Open hardware USB or Ethernet to infrared remote control (for Midea A/C) interface

Recently our house was equipped with a new Midea air-conditioning, which I wanted to control remotely, like switching it ON before returning to the house etc. Midea offers some Wifi interface for that purpose, but this is totally unsuitable for me for two reasons - first, it needs an Android app, which communicates with the air-conditioner via third party servers and I refuse to let my critical home automation infrastructure to be dependent on foreign servers. Secondly, Midea Wifi interface supports only PSK encryption, while I am using the "Enterprise" setup with my own radius server, so it would not work anyway.

I therefore decided to develop my own interface which would issue commands to the AC unit via the infrared interface, imitating the IR remote control. I have developed two versions thereof, using either USB or Ethernet; the Ethernet one will actually be employed, while the USB one I used for mutual debugging of the IR RX and TX. The hardware is pretty straightforward and is just a slight respin of my previously developed interface to RFM22. Actually, since I had spare boards of the RFM22 interface, I did not let these board to be manufactured, just added the little extra circuitry on a universal boards to that boards, where RFM22 was not populated and the IR RX and TX signals were connected instead. As the receiver I used TSMP58000, for transmitter a transistor switching two IR leds with different wave lengths around 900nm, as I was not sure, at which IR wavelength Midea receiver is most sensitive.

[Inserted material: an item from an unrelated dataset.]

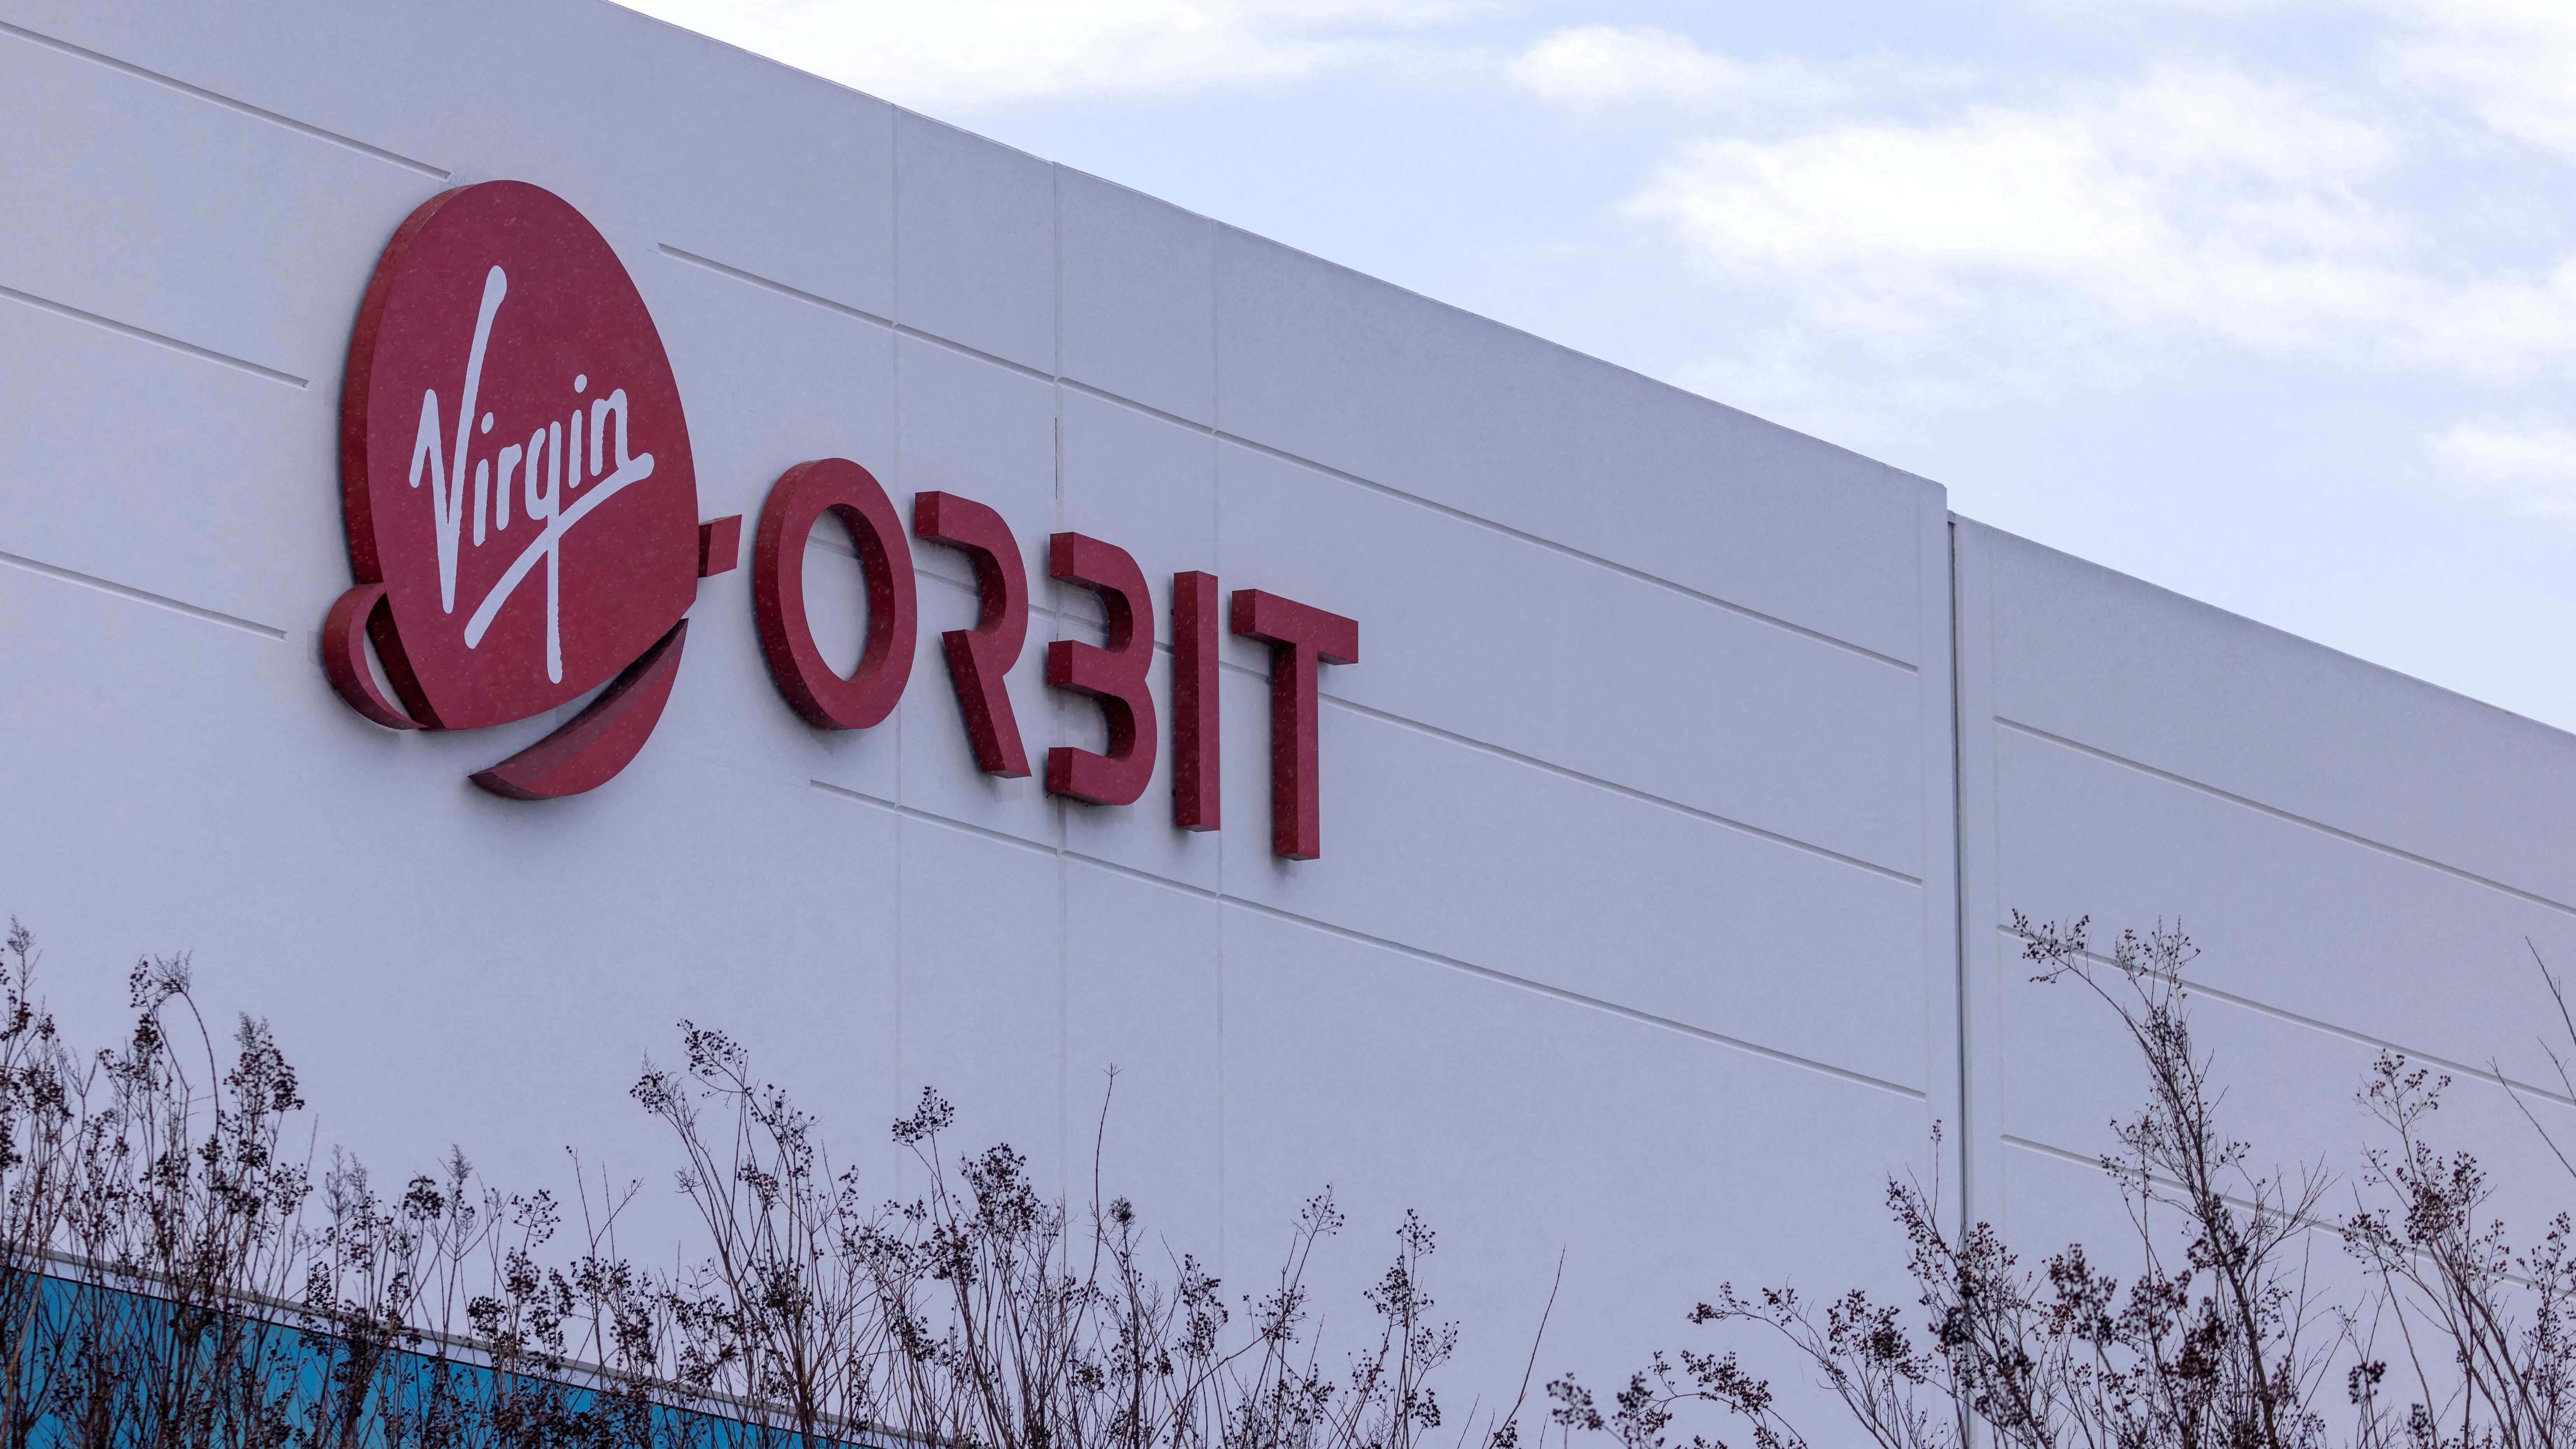 Virgin Orbit Says Space Startup In Talks With Potential Investors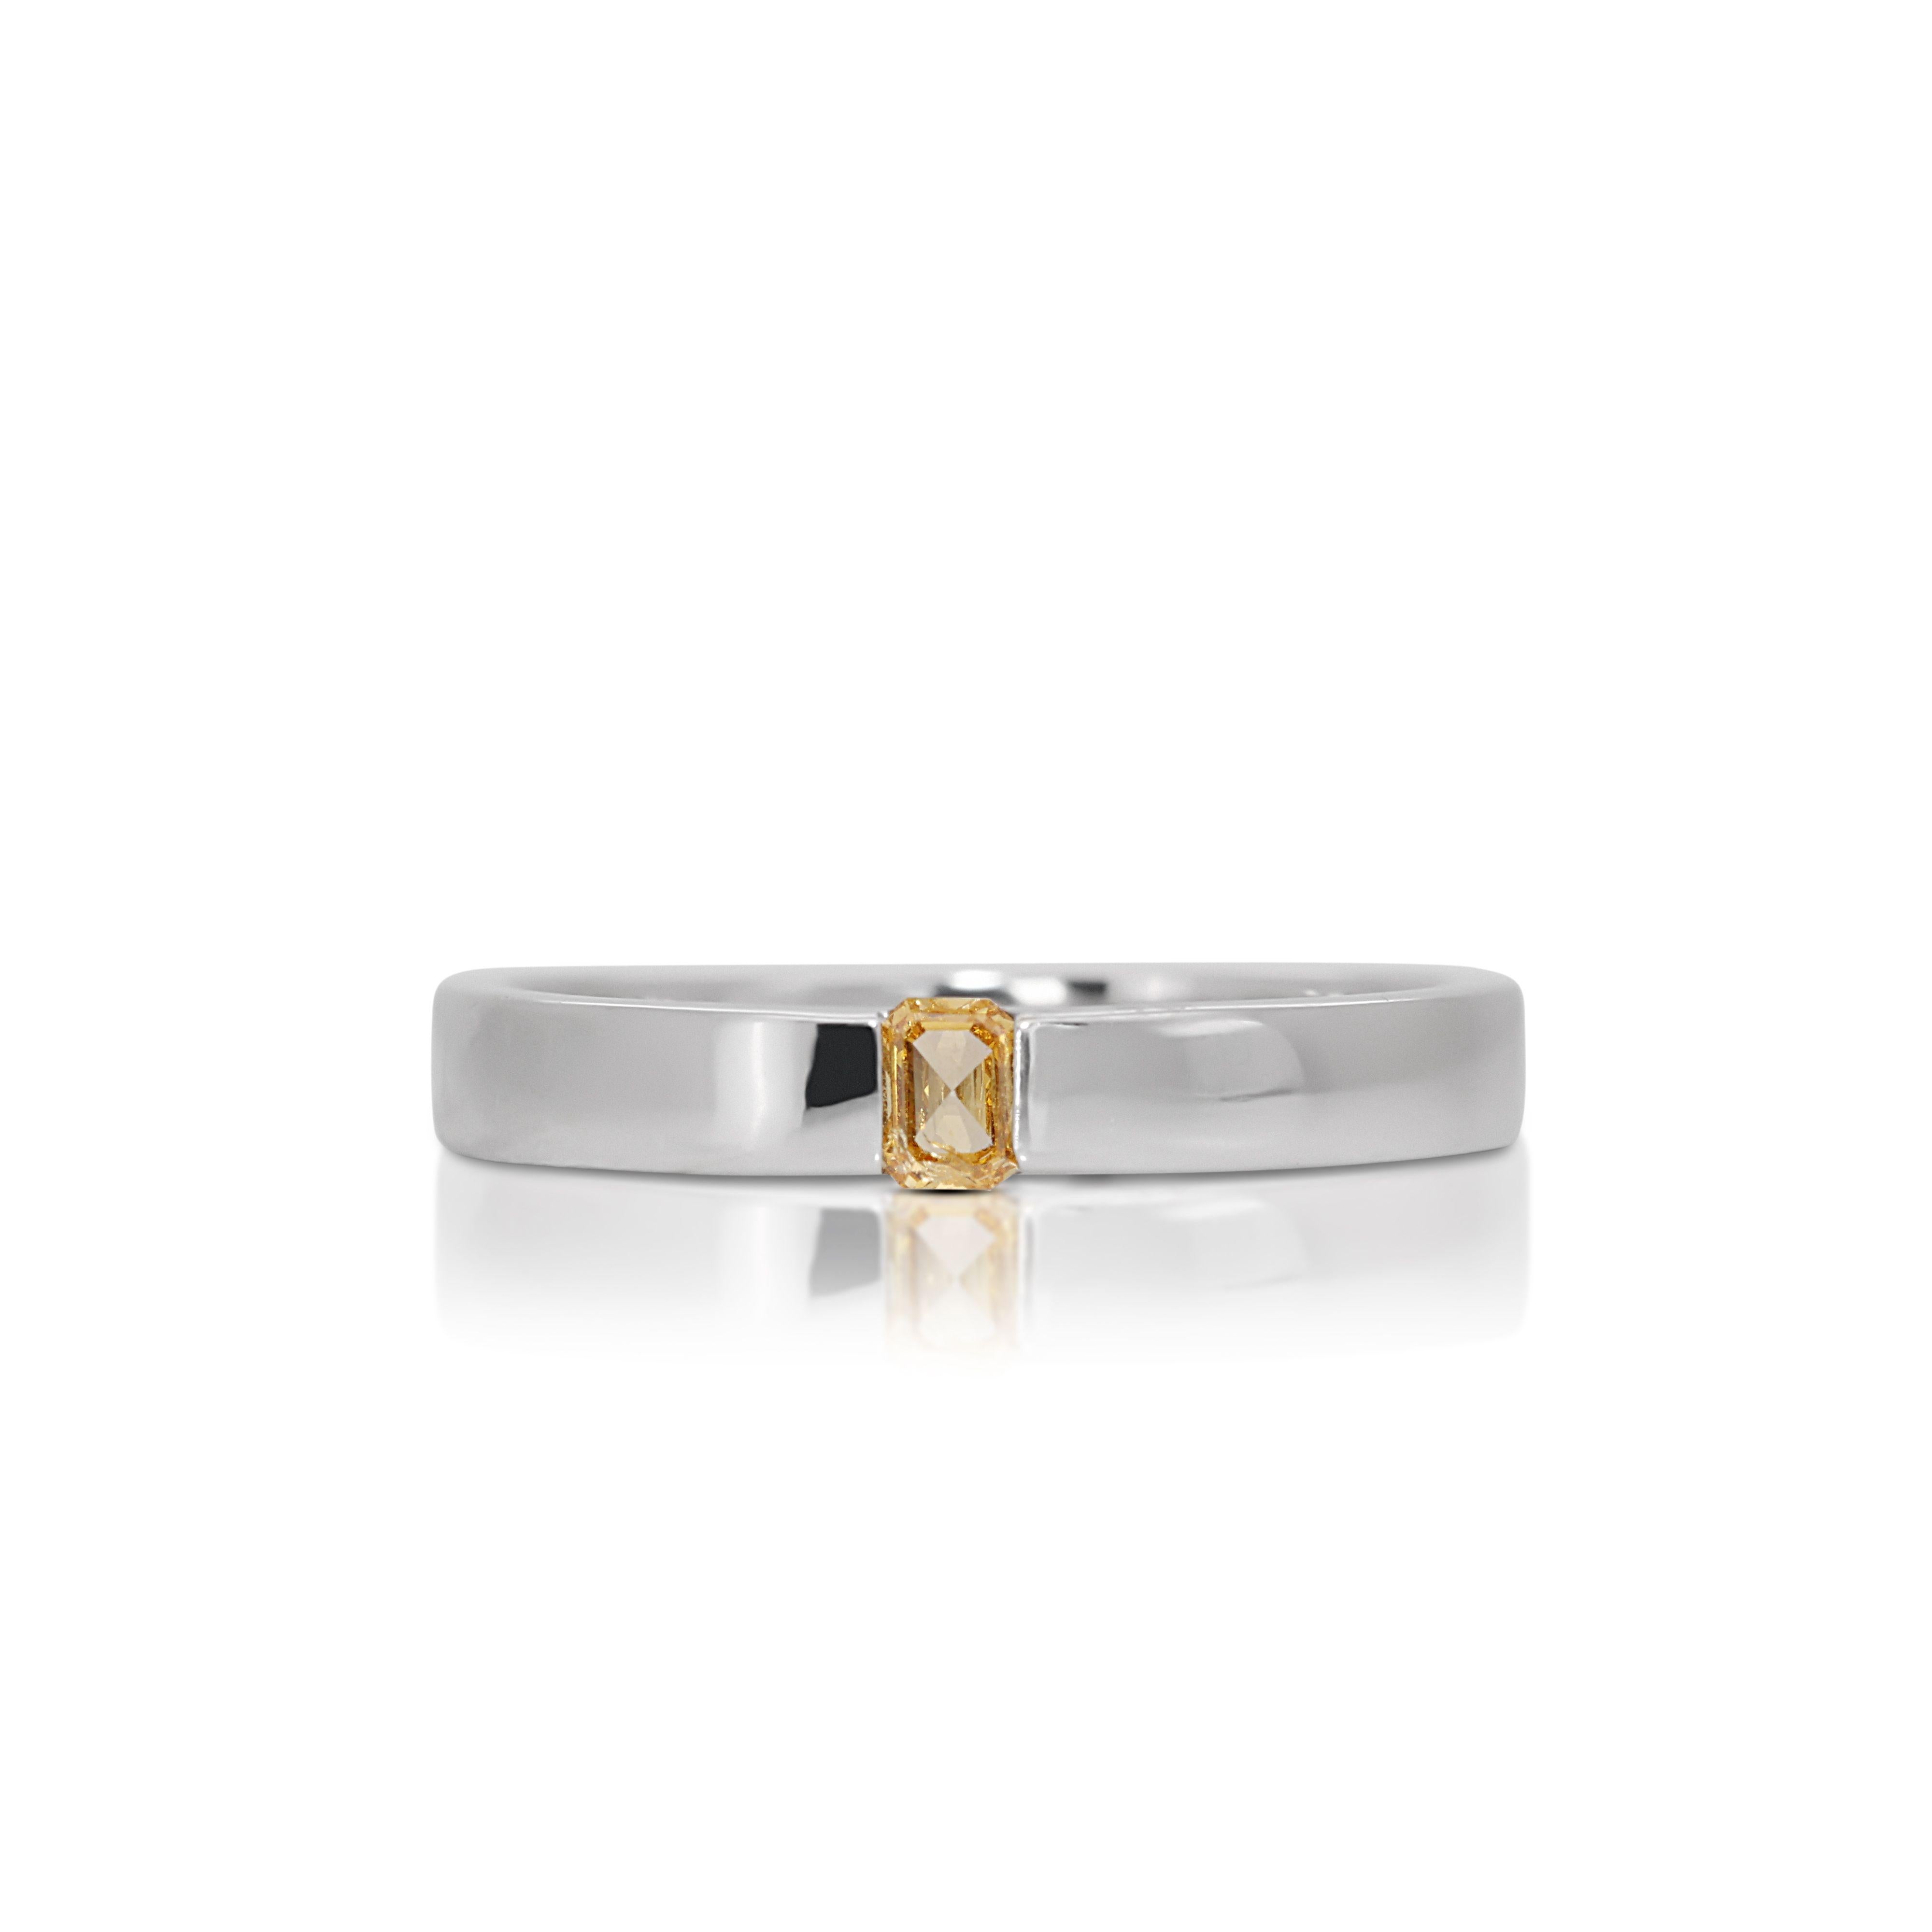 Atemberaubender Ring aus 18 Karat Weißgold mit 0,10 Karat natürlichen Diamanten, NGI-Zertifikat im Angebot

Schematics in PDF format is here eth_lpc_ir.pdf and usb_lpc_ir.pdf. For open hardware Kicad design files see eth_lpc_ir.zip and usb_lpc_ir.zip.

Concerning the software, Midea employs the pulse distance encoding, see e.g. Freescale AN3053 for more information on IR modulations. I have implemented an interrupt-driven transmitter/receiver for this encoding only, as there was no need to implement other encodings presently. Concerning the higher-level protocol, it is very simple and has been already reverse engineered by Daniel Veillard here. I just add two remarks:
1. the "mysterious" temperature encoding can be recognized as a Gray code, so I suspect it is an inheritance from some old Midea units with a mechanical temperature dial
2. The remote control sends always 3 packets, the first two are formed as described by Veillard, the third one is different, mostly constant and, as far as I observed, completely irrelevant and can be omitted. However, you have to transmit the 0xB2... packet exactly twice after each other, transmitting it just once will not work and transmitting it 3 or four times will not work either.

At the user level, the USB interface implements a terminal-like communication (/dev/ttyACMx under linux) witl the LPC1343 MCU and a simple commands can be used to transmit Midea packets. Received packets (e.g. from original remote control) are printed when arriving. The Ethernet interface works similarly, just using UDP packets for input of the commands and output of the received IR packets. The Gnu GPL licensed source code is in the files eth_ir_interface.c and usb_ir_interface.c in the archive arm_lpc111x.tar.gz, the low level procedures are in lib/ir.c and lib/midea.c.